Lange, J., Goerigk, S., Nowak, K., Rosner, R., & Erhardt, A. (2021). Attachment Style Change and Working Alliance in Panic Disorder Patients Treated With Cognitive Behavioral Therapy. PSYCHOTHERAPY, 58(2), 206-218. doi:10.1037/pst0000365.


Cite as: http://hdl.handle.net/21.11116/0000-0009-2C3A-6
Abstract
An insecure attachment style (AS). described as being highly anxious and/or avoidant, is often assumed to be stable over time, yet some studies show that AS can change. To the extent that AS may be malleable over shorter time periods, it potentially impacts key therapy processes and outcomes. In the present study, we first investigated the stability of AS in patients with panic disorder (N = 49) treated with short-term cognitive behavioral therapy (CBT) including follow-up. Second, we tested whether time-specific change of AS predicted subsequent symptom severity, interpersonal distress (ID), and alliance, or vice versa.
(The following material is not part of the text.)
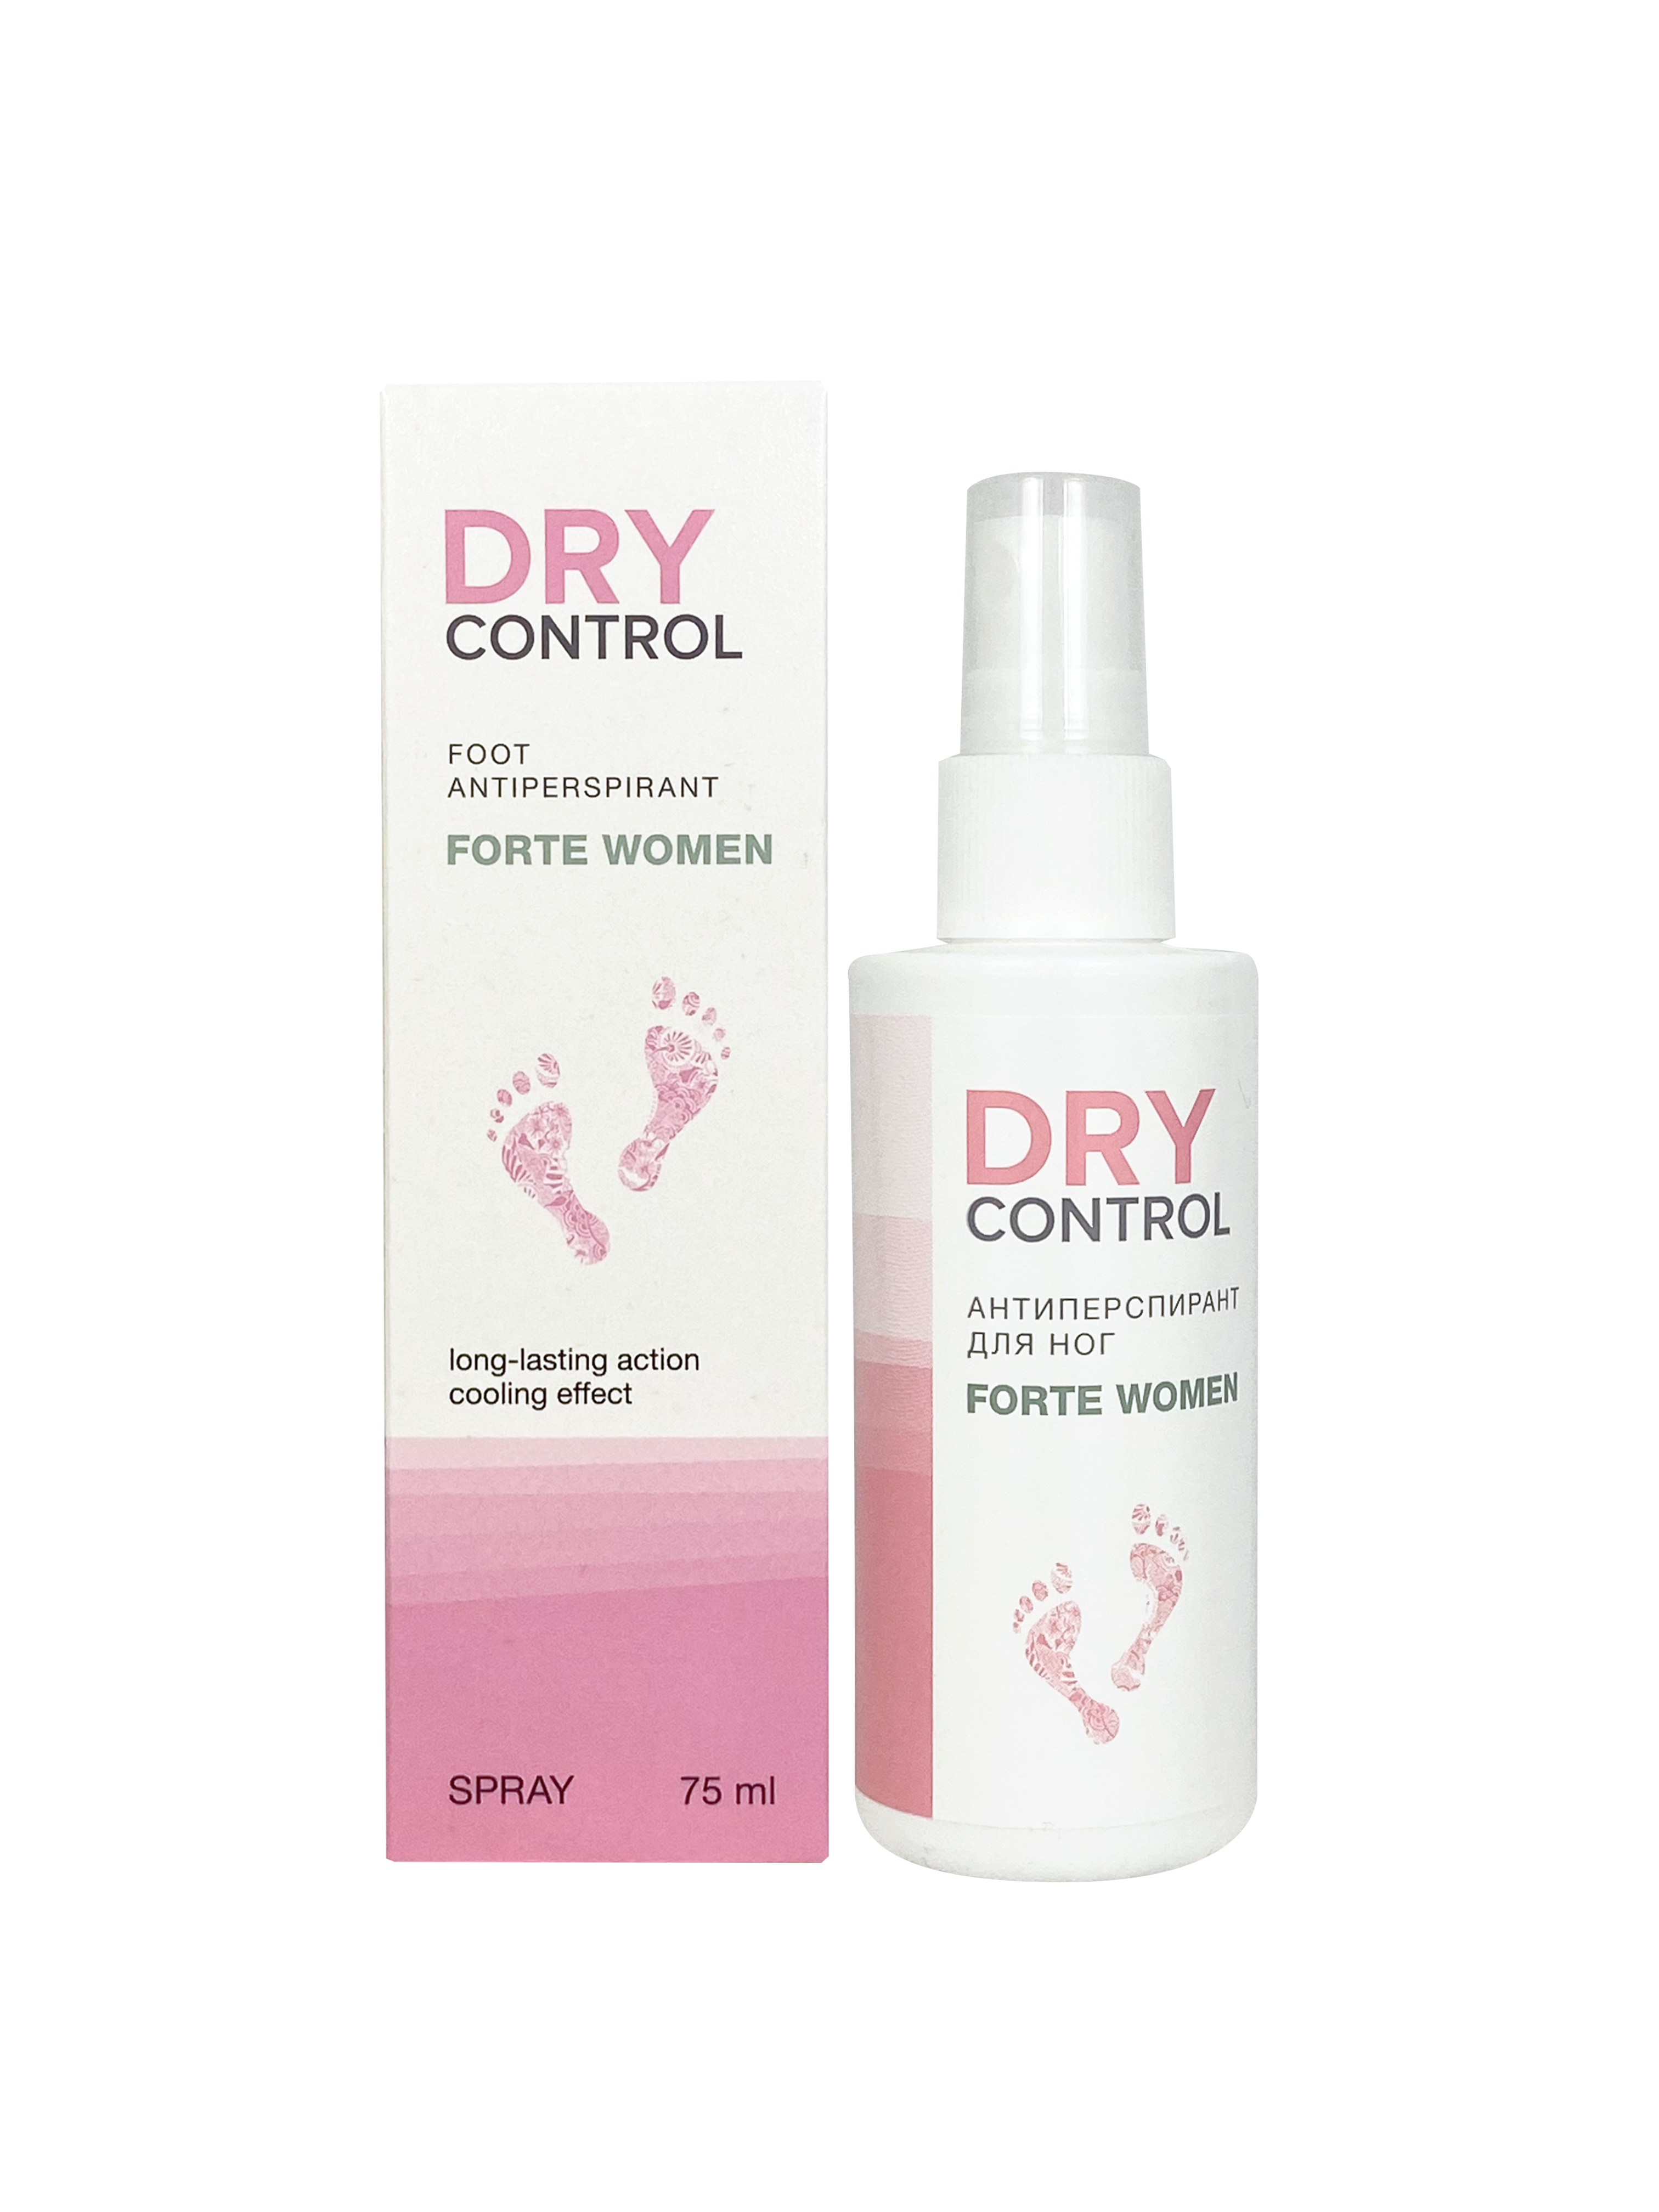 Антиперспирант Drycontrol Forte Women для ног drycontrol антиперспирант для ног forte women 75 0

Third, we investigated if anxious attachment and ID average levels impact the alliance-outcome relation. Analyses were conducted at within- and between-patient levels with 5 measurements (baseline, intermediate, end, and follow-up after 4 and 8 months) over the course of CBT (12 sessions/8 weeks, 2 booster sessions) using linear mixedeffects models. A strong decrease in anxious attachment was found that was stable until 8 months after therapy. At the within-patient level, a reciprocal relationship of reduction in anxious attachment with less symptom severity, stronger alliance, and a prediction of less ID was found. U) decrease preceded less avoidance. At the between-patient level, anxious attachment and ID moderated the relation of alliance change and subsequent depressive symptoms. The prolonged improvement in interpersonal patterns suggests that short-term CBT positively modifies attachment working models in panic disorder patients. Effects on therapy process indicate that anxiously attached and interpersonally distressed patients seem to benefit more from alliance increase.